Отец содержит в себе и передает модель вида, уникальную форму, предназначение которой – передаваться в рамках рода. Будучи деятельным демиургом, он создает ребенка по своему подобию. Он работает над телом матери, являющимся физическим местом, некой мастерской, а, кроме того, и инертной материей: «Единственное, что ему не хватает – это принцип души». Тело матери неспособно передвигаться и совершенно пассивно: «Женщина, как женщина, есть пассивный элемент». Ее положение состоит в том, чтобы брать, получать мужскую форму. В ее менструальной крови нет ни psyche, ни kinesis, ни eidos. Она – продукт adunamia, недостатка тепла, необходимого для превращения, поэтому у нее отсутствует pneuma, теплый воздух, дающий жизнь. Женщина – это сырье, первичный материал, prote hule, процесса генерации: «Женщина, как женщина, есть пассивный элемент, а мужчина, как мужчина, есть активный элемент. Именно из него проистекает принцип движения. Поэтому, если мы рассмотрим каждое понятие в его предельном смысле, одного как средство и двигатель, другого как объект и движимая вещь, единственный продукт, созданный из них, подобно кровати, сделанной плотником, но без дерева, или воску, сделанному без molten wax and a mold» 52. Эти аналогии с ремесленничеством четко показывают, какую роль Аристотель отводит женской крови в процессе воспроизводства.

 

Материя и тело.

 

«Самец предоставляет форму и принцип движения, самка – тело и материю». Это заявление, сделанное в самом начале книги «О происхождении животных», связывает тело и материю тем же способом, что и в «Метафизике». В чем значение фактического присутствия тела в кровяном остатке женских особей, присутствия, которое Аристотель неоднократно упоминает? Он утверждает, что «в материи потенциально присутствуют части зародыша». Более того, «женский компонент есть также остаток, который потенциально, но не действительно, содержит в себе все части. Среди этих частей есть и те, которые отличают женскую особь от мужской». Здесь мы сталкиваемся с проблемой понимания аристотелевского термина soma или тело. Было бы невозможно концептуализировать тело в отрыве от его формы, анатомических отличий. Аристотель противопоставляет тело-и-материю eidos. Органы будущего тела зародыша, включая и половые, потенциально уже содержатся в остатке материнского тела, так что вполне возможно непрерывное развитие. Развитие произошло, значит развитие возможно. Животное растет, не прибавляя к уже существующим органам новые, а развивая те возможности, которые уже присущи женской крови. «То, что потенциально возможно не может достигнуть существования без действия достаточно энергичной движущей силы.

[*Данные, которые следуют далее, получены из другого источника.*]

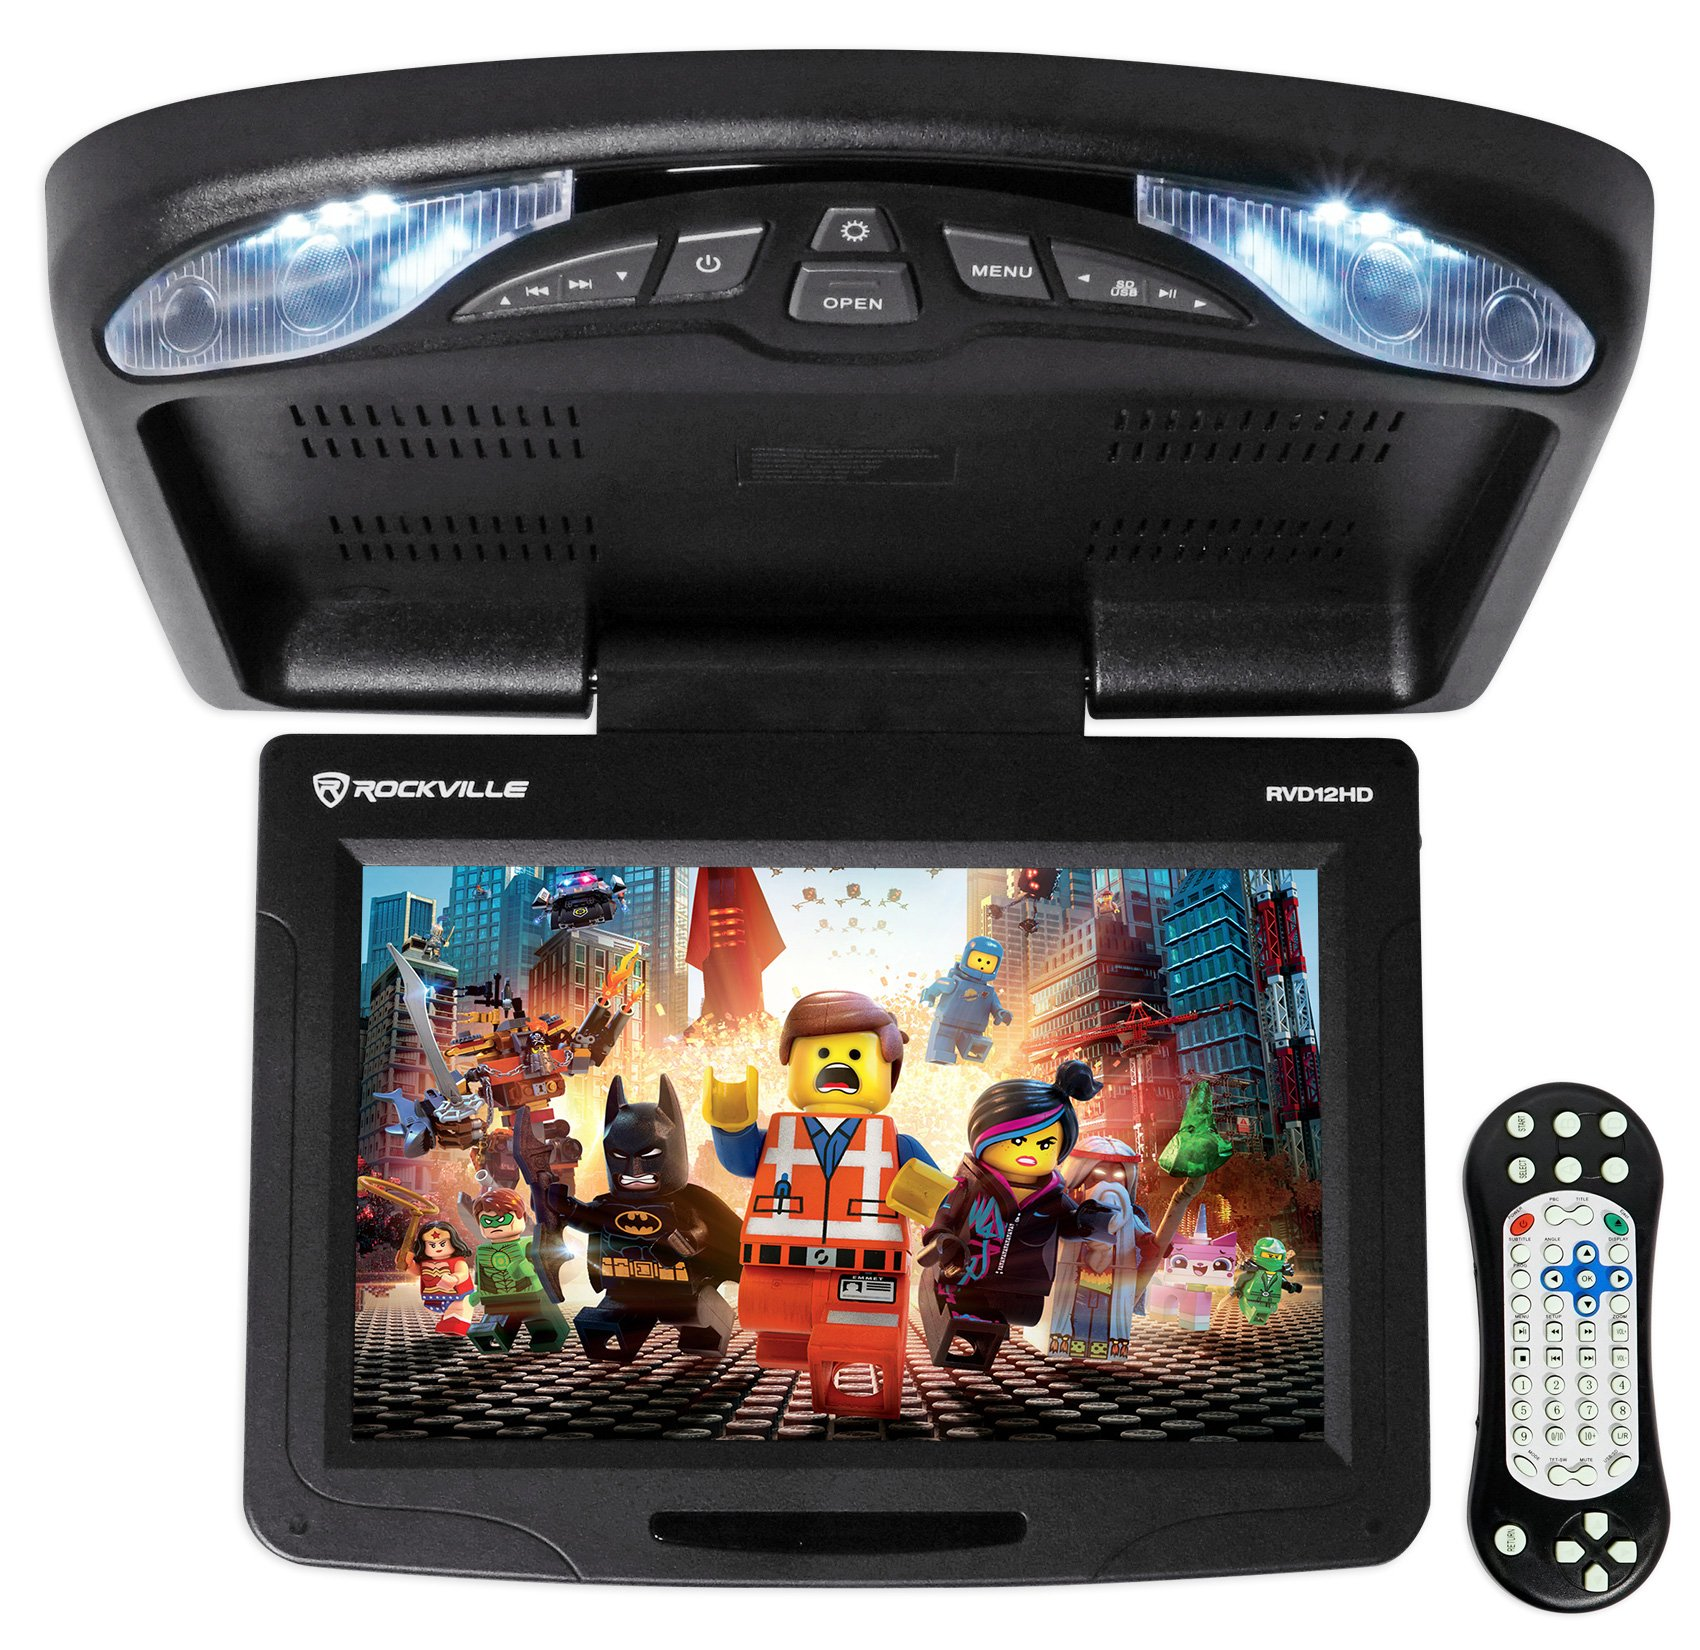 Rockville RVD12HD-BK 12'' Black Flip Down Car Monitor DVD/USB/SD Player + Games by Rockville

Не может и двигатель, имеющий эту необходимую силу, работать с любой субстанцией, как не может и плотник смастерить сундук из чего угодно, кроме древесины, или же сундук быть сделанным из дерева, но без плотника». Утверждение о том, что женский остаток содержит в себе части будущей взрослой особи, ничего нам не говорит о ее природе; единственное, что можно из этого извлечь – то, что этот остаток обладает потенциалом превращения в живое существо.

«Остаток женской особи – это потенция того, чем животное по природе своей будет, и поскольку все органы существуют в потенциальной, но не действительной форме, каждая из частей сформирована, и поскольку также актор воздействует на объект… один – активен, другой – пассивен. Таким образом, женская особь дает материю, а мужская – принцип движения» 53. Смысл данного отрывка очевиден: менструальная кровь содержит в себе части тела зародыша, тем не менее, она является просто материей.

 

Значение симметрии.

 

Аристотель ставит с одной стороны душу, форму и движение, а с другой – тело, материю и пассивность. Проблема гендера – каким образом объяснить половые отличия как количественные вариации, учитывая определение рода в понятиях воспроизводства и формальной идентичности – приводит к появлению ряда дихотомий, в которых женское характеризуется как отрицание, деформация или недостаточность.

У Гесиода, Симонида и Платона мы встречаемся с мифической концепцией рода, как автономного, монополового происхождения, у Аристотеля же мы видим метафизическую редукцию данной концепции. Между тем, существует и иное, заслуживающее внимания, направление в античной мысли относительно женщин. Речь идет о тех врачах, которые попытались согласовать определенные позитивные знания с потребностью в двойном принципе происхождения. Оба пола уже не являлись чем-то самодостаточным, а фемининность не подчинялась маскулинности. «Мужское» и «женское» стали симметричными категориями.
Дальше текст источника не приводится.